Arriving home, he felt so warm that he tried lying on the driveway to cool off. A call to Avera’s Ask a Nurse spurred a trip to the emergency room.
Although he and his wife, Mindy, live closer to Avera Heart Hospital, they headed to Avera McKennan Hospital & University Health Center. “I didn’t think it was a heart attack. My fingertips were going numb, but the pain wasn’t overly intense,” Veltkamp said. His wife, however, had wisely grabbed aspirin for him to chew on the way over.
“When we got there, I remember leaning on the counter, saying I’m not doing very well. I felt like life was slipping away from me,” Veltkamp said.
Tests indicated that he was indeed having a heart attack. It was a welcome surprise to see Dr. Alan Sazama as his emergency physician. Sazama had been a student at USF when Veltkamp worked there.
At that point, Veltkamp felt a sense of peace that he was in good hands. “As a person of faith, I know where I’m going. I knew that the doctors could either take care of it, or I would go to meet my savior. Either way, it’s a good day.”
Dr. Jeremy Scott, a cardiologist with North Central Heart Institute and Avera Heart Hospital, happened to be at Avera McKennan that day and could quickly get Veltkamp into the catheterization lab for a procedure to unblock his artery and place a stent to minimize the damage to his heart.
As he recovered, Veltkamp got two types of texts from friends. They either said something like, “Holy cow, you are the healthy one. What’s going to happen to the rest of us!” or “Why should I do all that fitness stuff if someone as healthy as you had a heart attack anyway.”
Yet Veltkamp’s fitness activities likely saved his life rather than causing his heart attack. His provider at North Central Heart, certified nurse practitioner Stephanie Kirkpatrick, told him he probably wouldn’t have made it to the ER had he not been at a good fitness level.
Veltkamp was healthy before his heart attack, yet he adopted a new normal to help him regain heart function and prevent future events. This included going through cardiac rehab at Avera Heart Hospital and changing his eating to incorporate components of a Mediterranean diet, healthier choices and portion control.
Veltkamp is director of development for the South Dakota Community Foundation. He’s back to an active lifestyle that includes biking.
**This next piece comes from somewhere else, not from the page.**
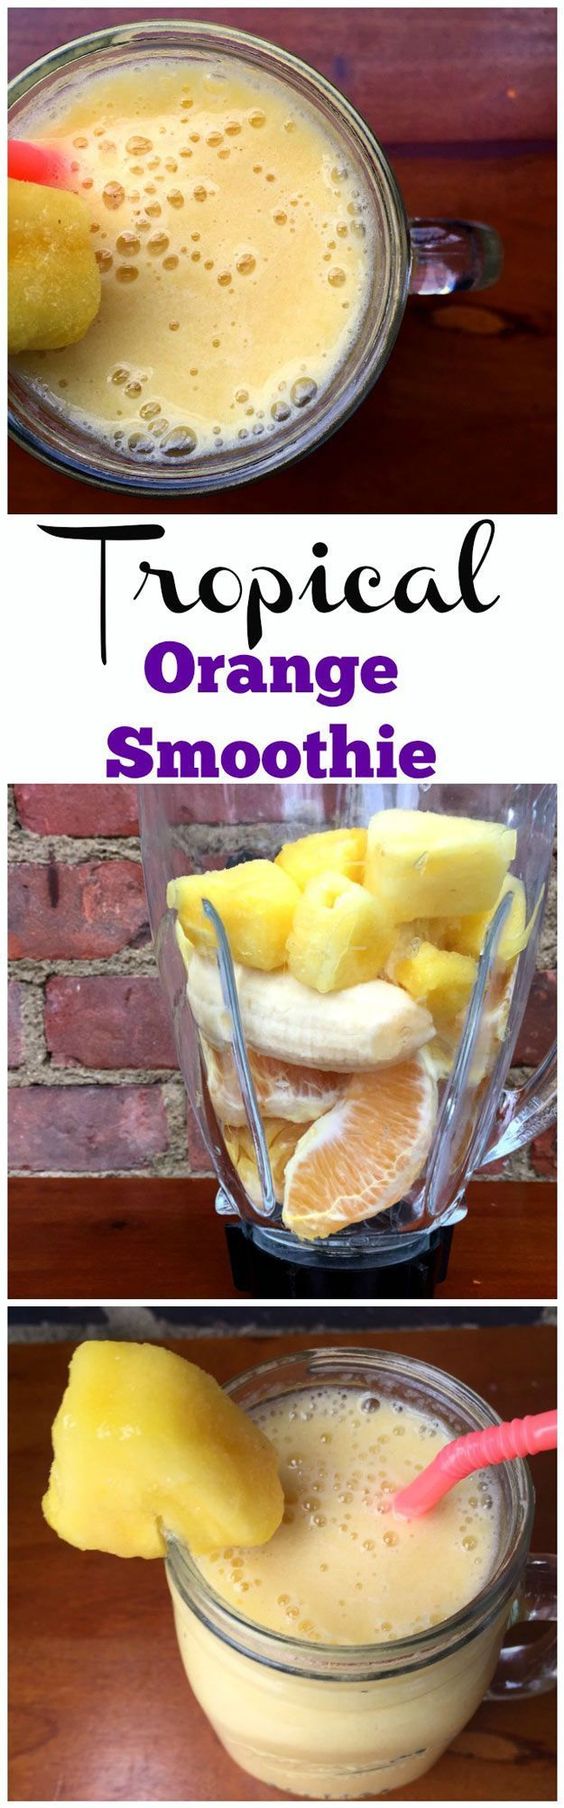 Find balanced breakfast smoothie recipes like this tropical orange smoothie in this article. | healthy smoothies | healthy breakfast smoothies | detox smoothie recipes for weight loss | breakfast smoothies for kids #nutrition #mealprep #diets #weightloss #healthyrecipes #healthyhabits #healthylifestyle #healthylife
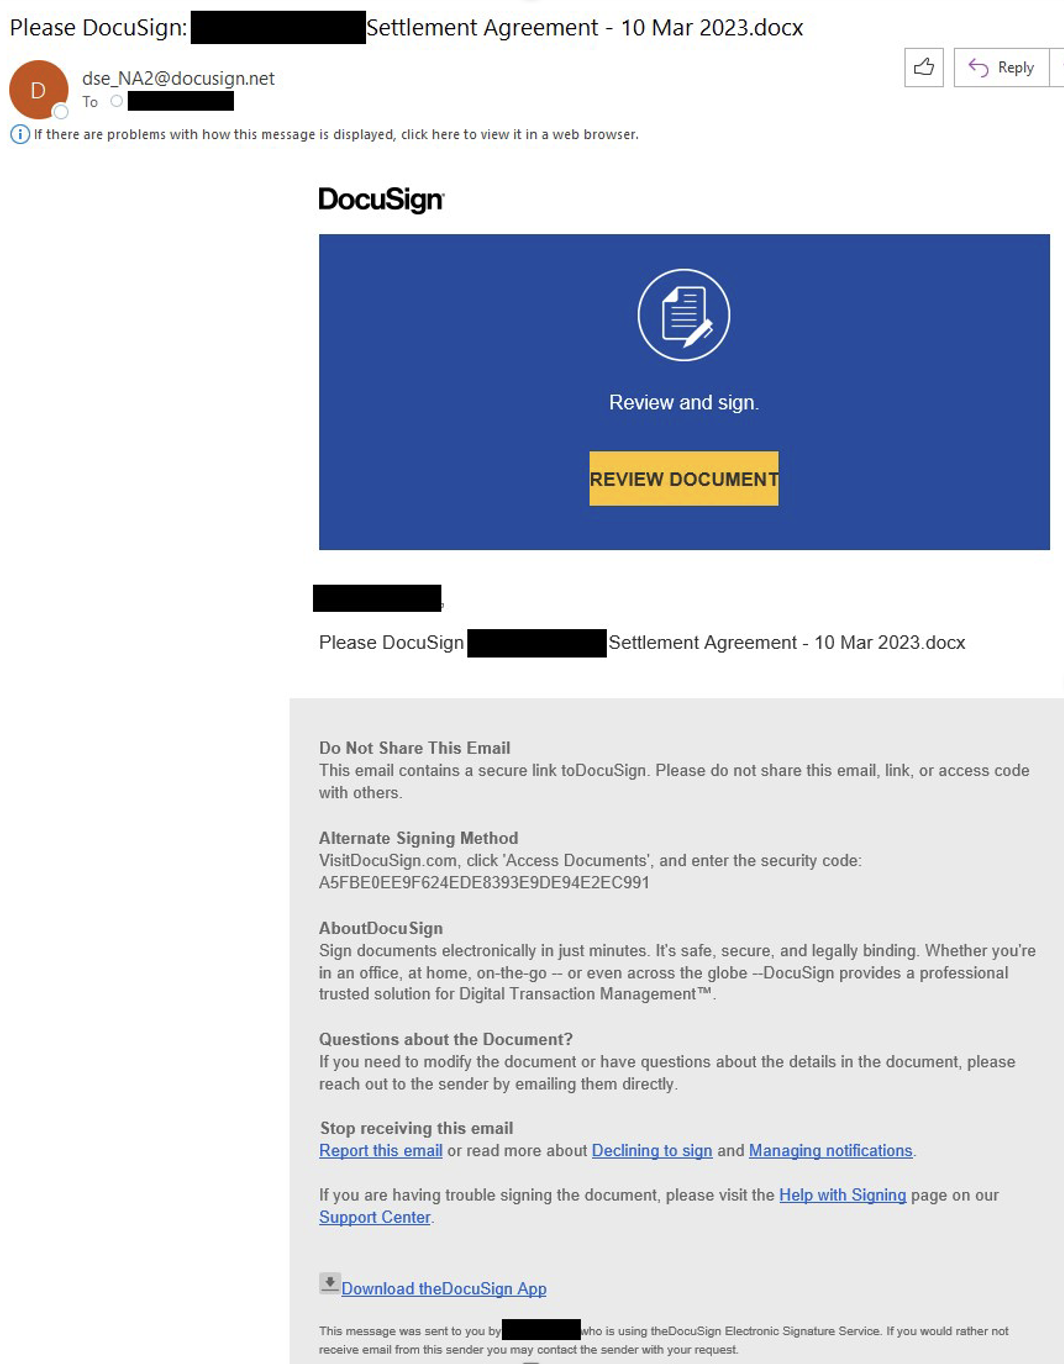 Indicators of a phish on DocuSign and SAP Phish

His advice to others includes paying attention to what your body is telling you. If something doesn’t feel right, get checked out. And get regular preventive care with a provider you trust.
“In hindsight, I look at this event as a blessing. I met some wonderful people along the way, from the doctors and nurses to the team in cardiac rehab,” Veltkamp said.
“It was a great way to focus on what’s important in life and what is not.”
He’s 42, an avid cyclist — and a heart attack survivor.